Friday, May 08, 2009

Old Vinyl, New Life

I often tend to approach my hobbies with a collector's mentality. Unfortunately, this means I always have shelves overflowing with media, not to mention the never ending search for storage solutions. Still, the hook always comes in the form of those random, unexpected finds.

Once a week or so, I'll stop into a Goodwill which is situated between my house and where I work to check out their CDs and vinyl. Any vinyl collector knows the usual thrift store fare rarely consists of more than collections of religious hymns from the 1970s, Herb Alpert and records by the 101 Strings. However, I recently stumbled upon stacks of old Capitol and RCA Victor discs. This means a lot of Perry Como, recorded using RCA Victor's much-derided Dynagroove technology, Jackie Gleason Presents Music for Lovers Only, Harry Belafonte, and several records by Vera Lynn (one of which I almost bought just to hear the song referenced by Pink Floyd in their song, "Vera Lynn"). I might not have been interested in any of the records at all, but the $0.99 price tag encourages me be a little more adventurous. Besides, at that price, it isn't like I can't just roll the dice and donate them back if I don't like it.

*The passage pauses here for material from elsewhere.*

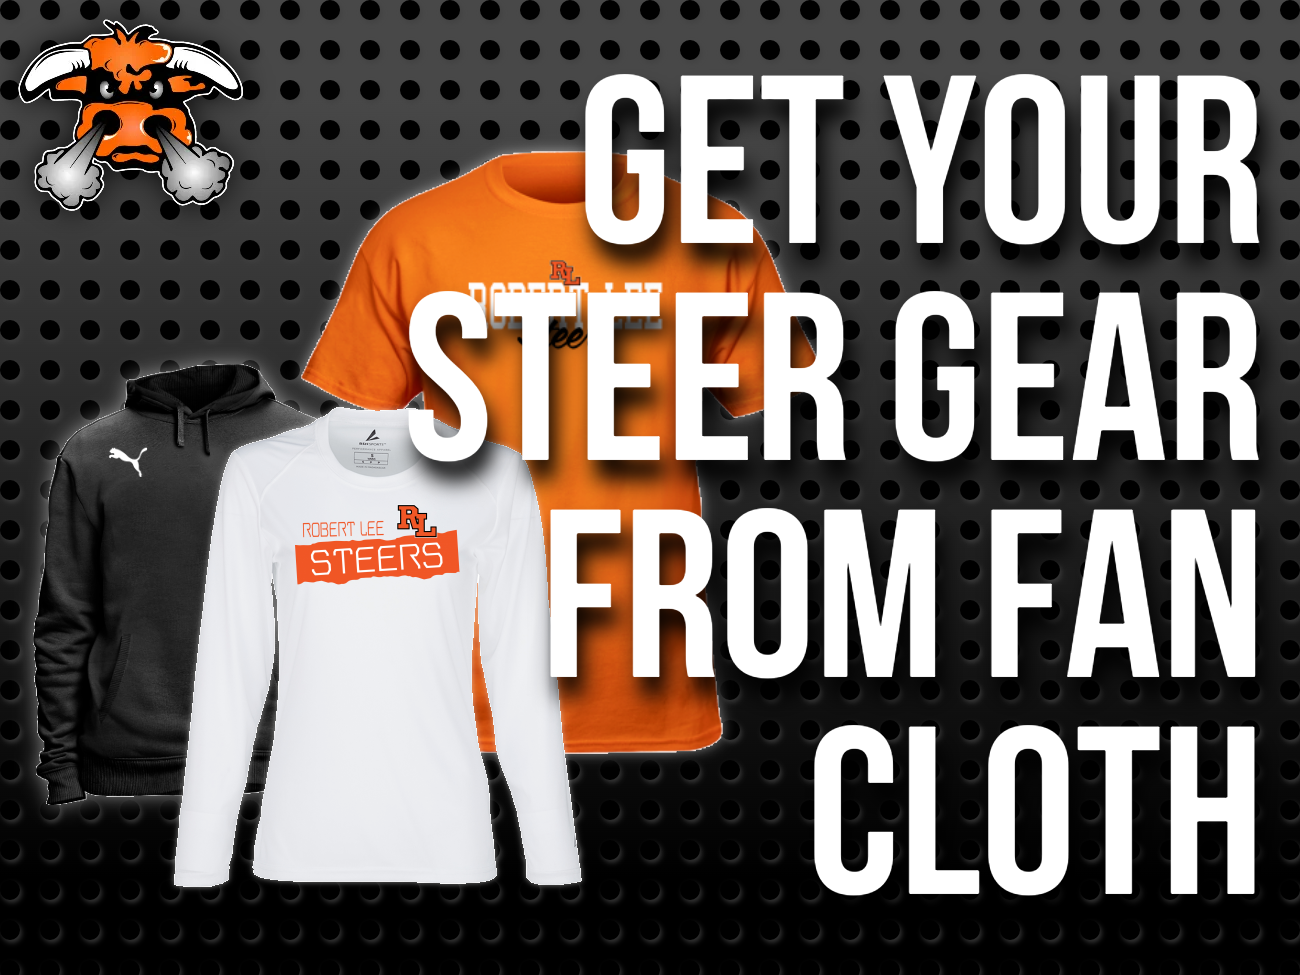 Get your Steer Gear from Fan Cloth

I brought home two discs; Harry Belafonte Sings of the Caribbean (1957), a simple collection of gentrified calypso songs in mono, and Henry Mancini - Our Man in Hollywood (1963).

Our Man in Hollywood was part of RCA Victor's popular "Our Man in..." series, in which they "place" their recording artists in various locations and genres (e.g. Chet Atkins - Our Man in Nashville and Sonny Rollins - Our Man in Jazz ).

Our Man in Hollywood is a collection of movie and television themes arranged by the brilliant Henry Mancini, and was offered in mono and "LIVING STEREO." I was lucky enough to find the stereo version since it gives the already quirky arrangements an also quirky sense of stereo separation, which was very common in the 1960s, but doesn't detract from the arrangements at all. Instead, thanks to plenty of natural reverb and the skill of the recording engineer (see below), it gives the recordings an extraordinarily wide soundstage and tons of space and clarity. Not all of the tracks are exactly stellar, but the majority of them sound quite amazing. Especially "The Theme from The Wonderful World of The Brothers Grimm," "Too Little Time ('Love Theme from the Glenn Miller Story')," and an absolutely 'swingin' 60s' version of "Seventy Six Trombones" from 'The Music Man.'

Side 1:
Days of Wine and Roses
Walk On The Wild Side
The Theme From The Wonderful World of the Brothers Grimm
Love Song From Mutiny on the Bounty
Mr. Hobbs Theme
Seventy Six Trombones

Side 2:
Love Theme From Phaedra
Bachelor in Paradise
Too LIttle Time
Drink More Milk
The Wishing Star

It should be noted that the album was recorded by Al Schmitt, one of the all-time great recording engineers who has also recently worked with Diana Krall and Shelby Lynne on her wonderful sounding 2008 tribute to Dusty Springfield, Just a Little Lovin' (which was produced by Bacharach's old collaborator and the 1967 Casino Royale soundtrack engineer Phil Ramone).

All in all, I consider it 99 cents well-spent.